:: WORK TO COMPLETE ::
A word-for-word copy of the following listing is needed. Leave out its images.

:: THE DATA ::
======
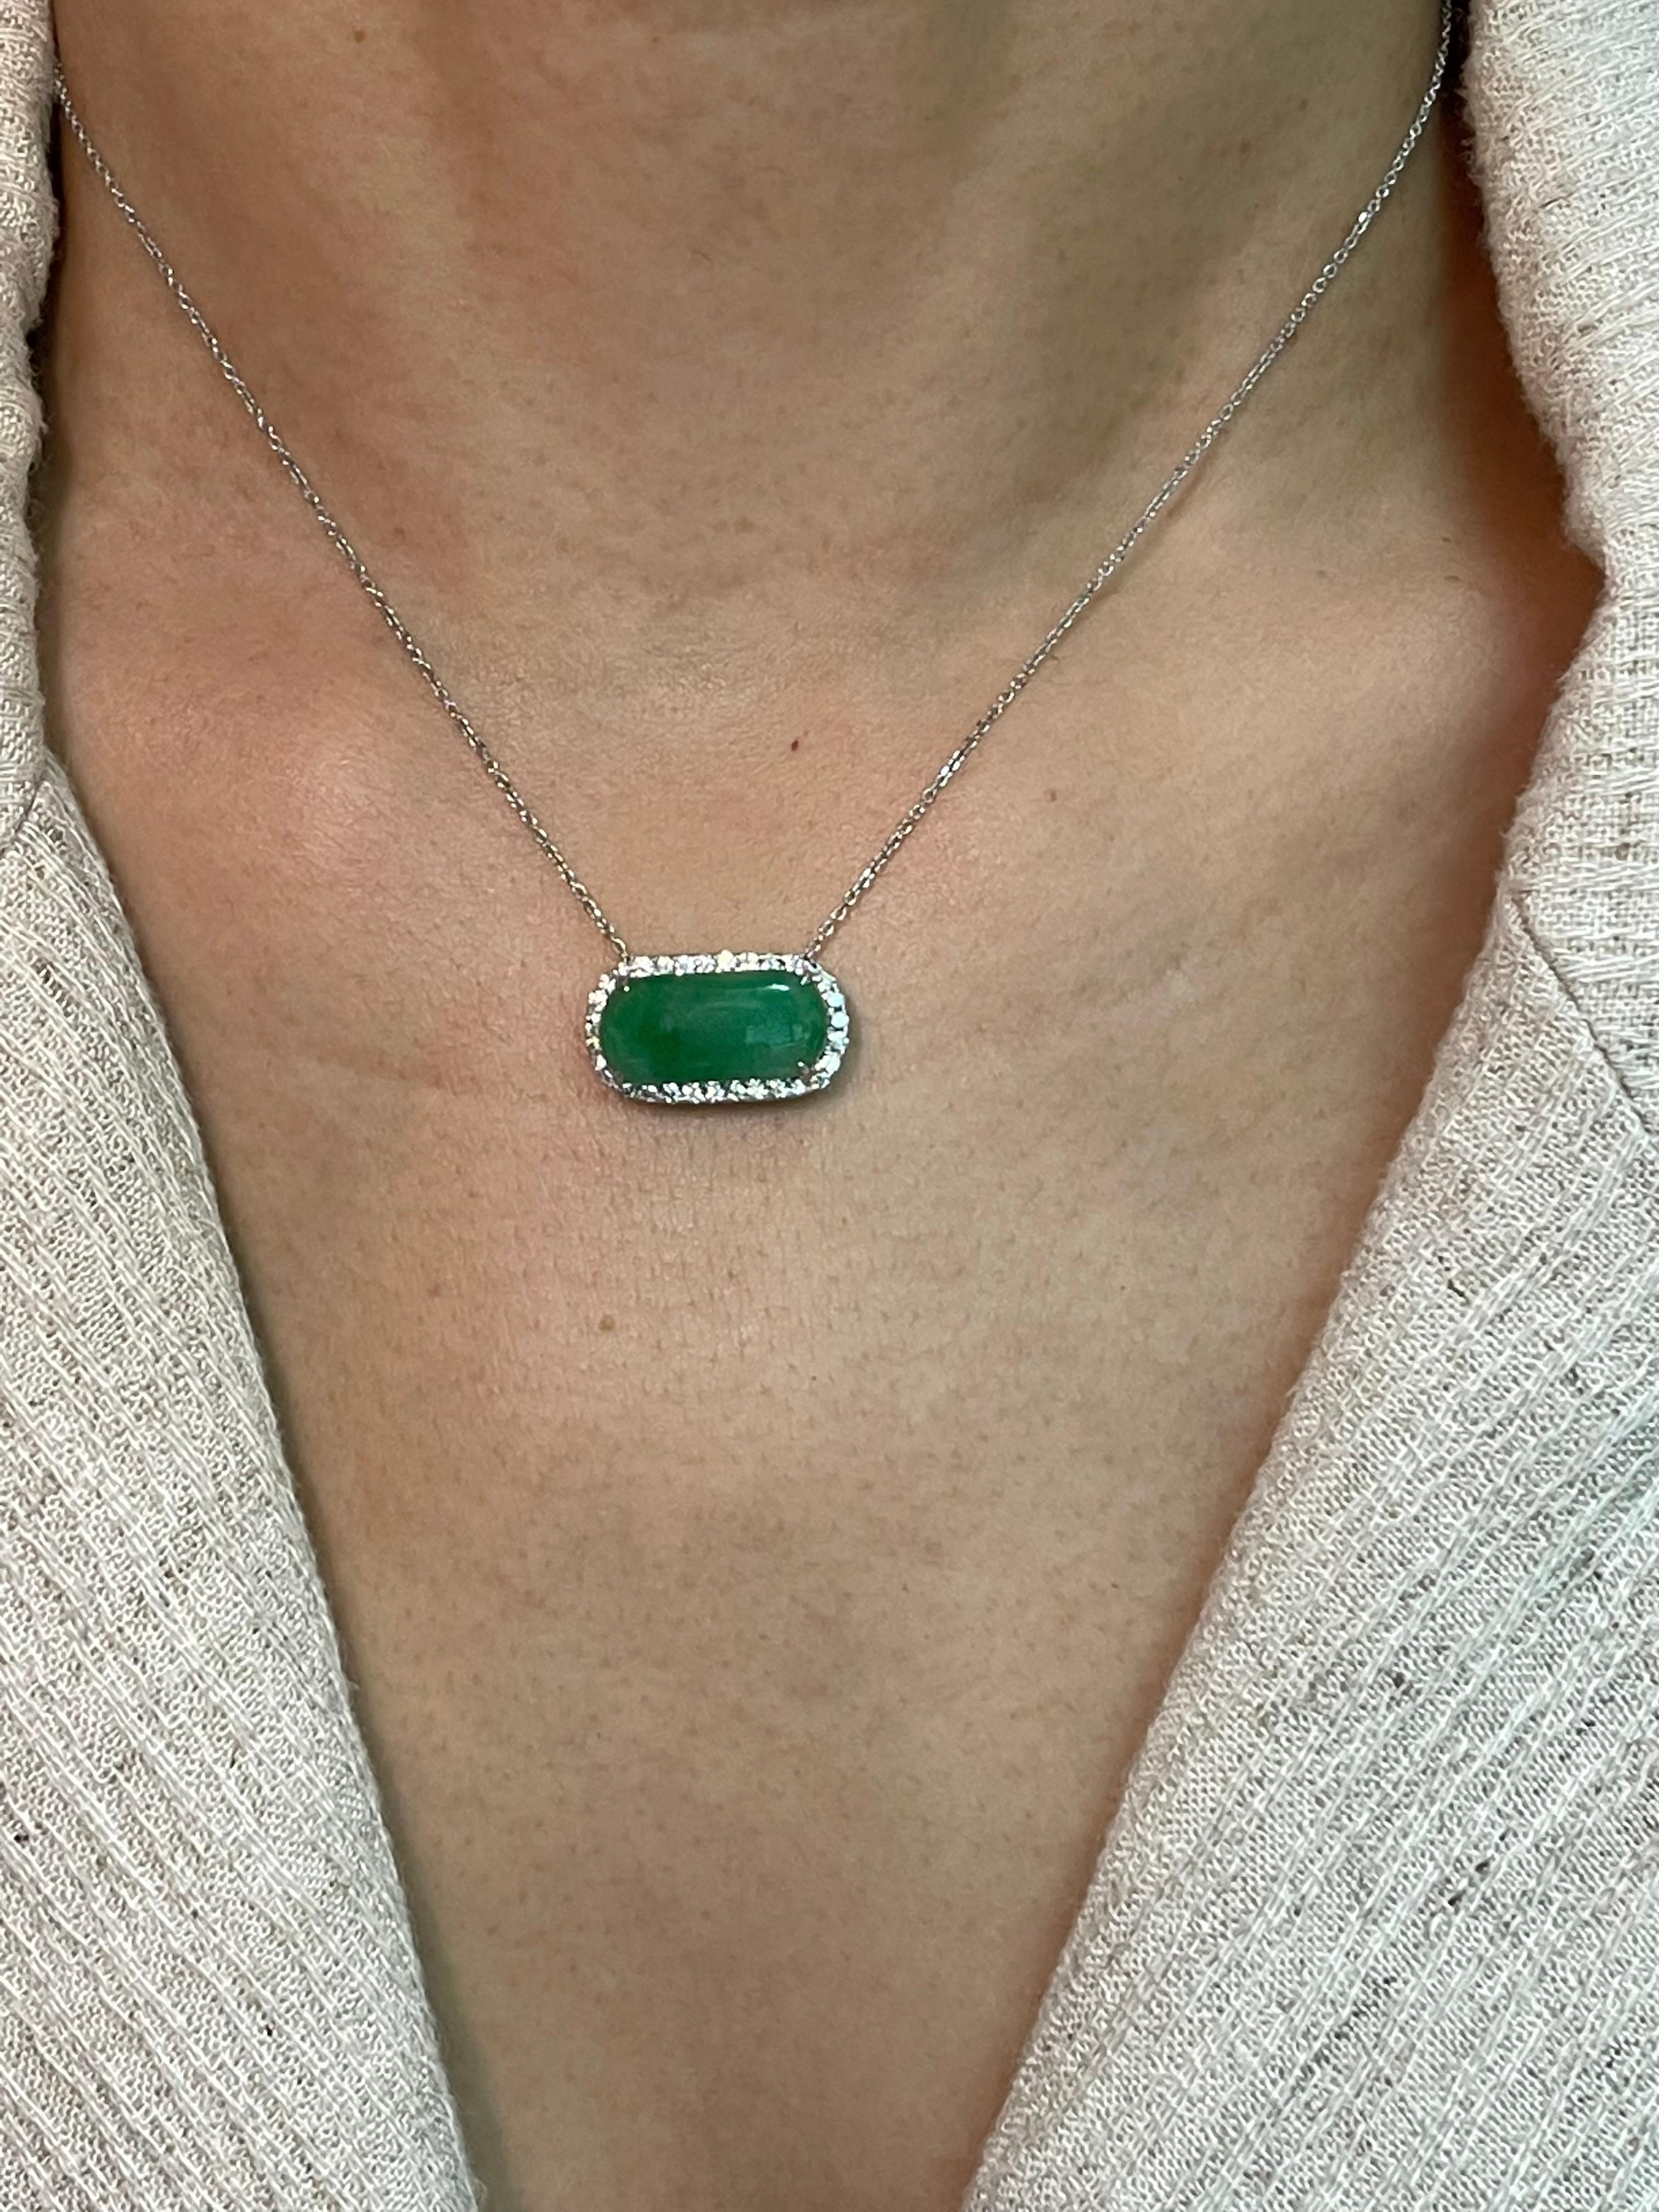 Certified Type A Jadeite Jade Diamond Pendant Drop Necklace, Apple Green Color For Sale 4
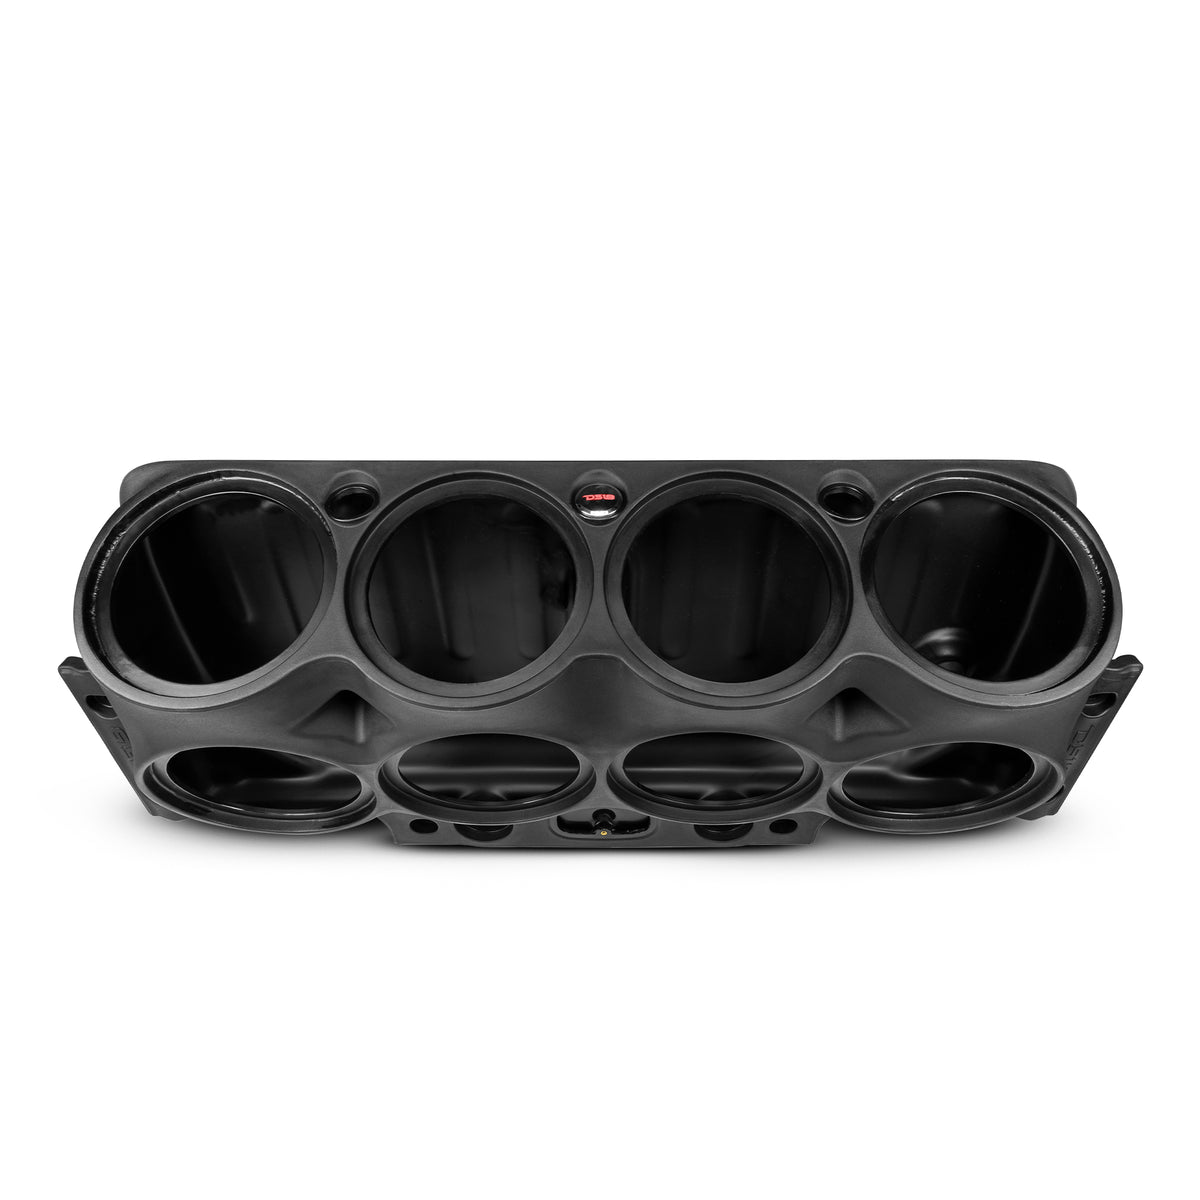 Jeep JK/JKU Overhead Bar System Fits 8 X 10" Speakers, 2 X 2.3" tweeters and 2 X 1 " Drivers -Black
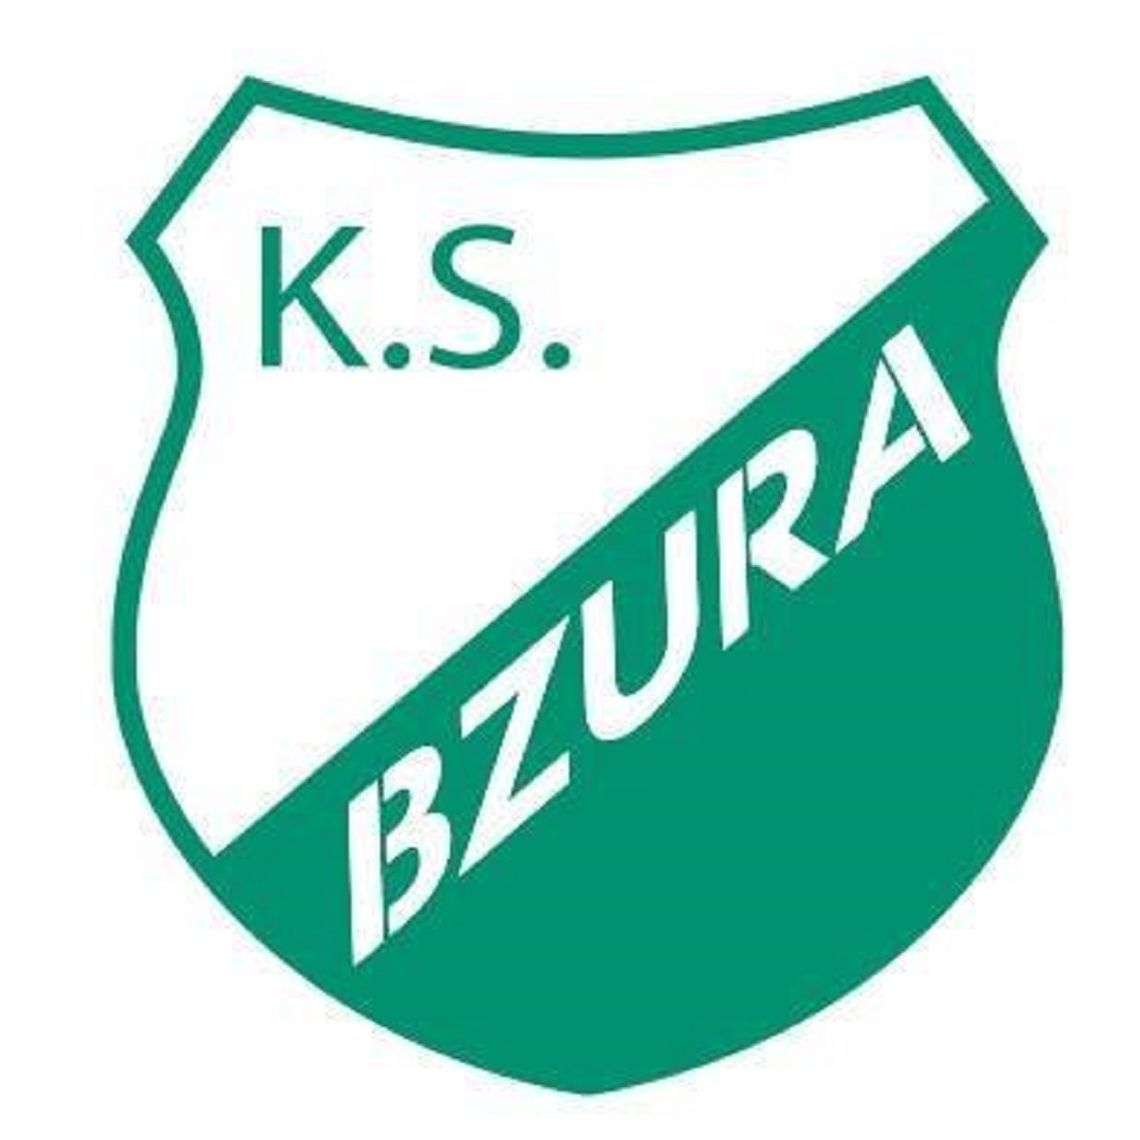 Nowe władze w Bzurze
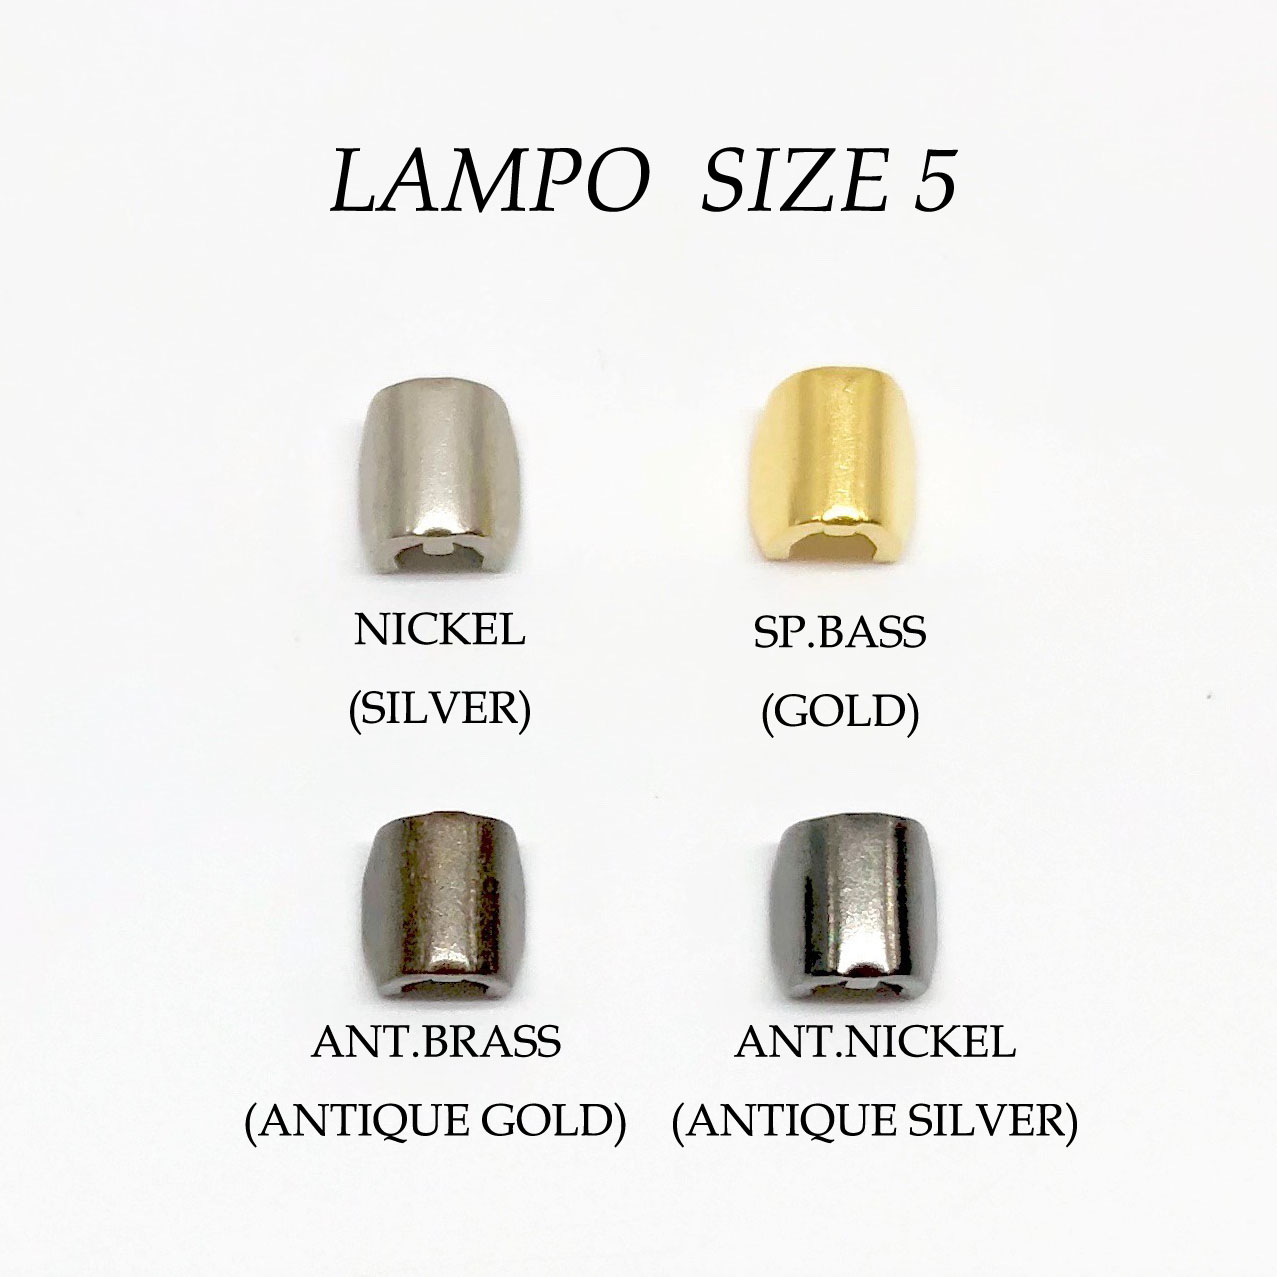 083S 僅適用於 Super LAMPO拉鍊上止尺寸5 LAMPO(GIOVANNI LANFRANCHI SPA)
======
:: TASK RESULT ::
 Certified Type A Jadeite Jade Diamond Pendant Drop Necklace, Apple Green Color For Sale 4
 Jeep JK/JKU Overhead Bar System Fits 8 X 10" Speakers, 2 X 2.3" tweeters and 2 X 1 " Drivers -Black
 Nowe władze w Bzurze
 083S 僅適用於 Super LAMPO拉鍊上止尺寸5 LAMPO(GIOVANNI LANFRANCHI SPA)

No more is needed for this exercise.